High Sensitivity and Sensitivity for all Variant Types
At Personalis, we recently performed a rigorous analytical validation of small variants, both SNVs and indels, to evaluate somatic variant calling in the augmented ACE Cancer Exome for neoantigen detection. Samples were sequenced at an average depth of 200x coverage on a 69.4 Mb genomic footprint assay, using tumor and matched normal samples. Both positive percent agreement and the positive predictive value were calculated over a range of minor allele frequencies (MAF). To overcome the obstacle of “Gold Standard” samples, well-characterized cancer cell lines were procured to generate reference materials to represent variant types at a range of frequencies. These cancer cell lines also had the corresponding matched normal cell lines available, and the sample pairs were run through the Personalis somatic analysis pipeline. The resulting variants were compared to a distinct set of GOLD standards. The GOLD SET of variants were defined as variants identified by the COSMIC Cell Line Project (release November 25, 2015) and identified by two other independent sources: 1) the Cancer Cell Line Encyclopedia (CCLE) and NCI60 or 2) confirmed by Sanger Sequencing. To further investigate limits of detection of these small variants, dilutions of cell line pairs (i.e. tumor + normal) were mixed to simulate 5 to 80% tumor purity. For example, taking 5% of the tumor cell line and mixing 95% of the normal cell line to simulate 5% tumor purity. From this robust analysis, overall analytical sensitivity for SNPs and indels was 98% and 95%, respectfully. Further, at a 10% MAF, sensitivity for SNVs and indels was 97% and 87%, respectfully, with 98% specificity. This augmented exome approach demonstrates greater sensitivity and specificity for somatic variant calling for both SNV and indel than other conventional exome methodologies.

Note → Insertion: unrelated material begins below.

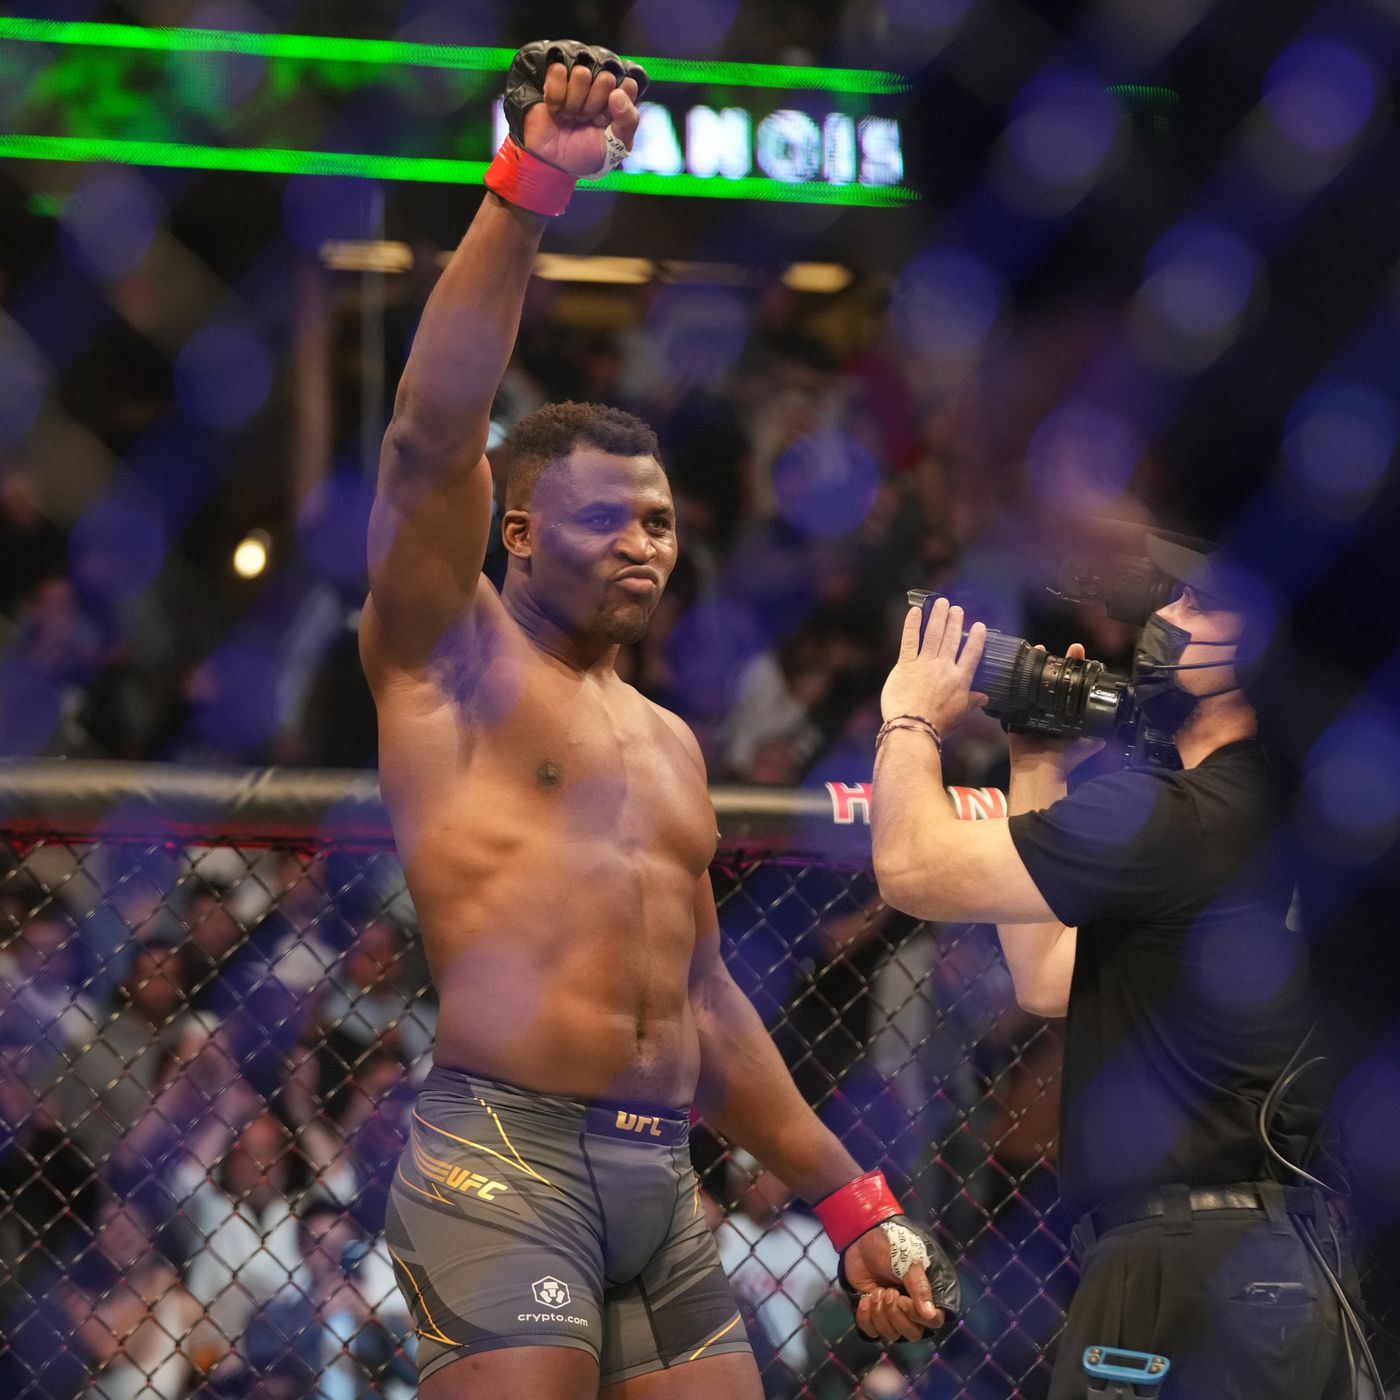 Francis Ngannou on $8 million UFC offer: The Predator reveals receiving a multi-fight deal from Dana White

Clearly, inaccurate somatic variant calling can lead to limitations in the downstream bioinformatics and hinders accurate prediction of putative neoepitopes. The quality of the somatic calls introduced into subsequent analytics, from epitope prediction, in silico HLA typing, and MHC binding prediction can all be impacted by this critical first step. Further, as recently witnessed in the literature (Turajlic et al. 2017), the future of neoantigen predictions may be more precise by ensuring all variant types, both SNVs and indels, are accounted for within this metric.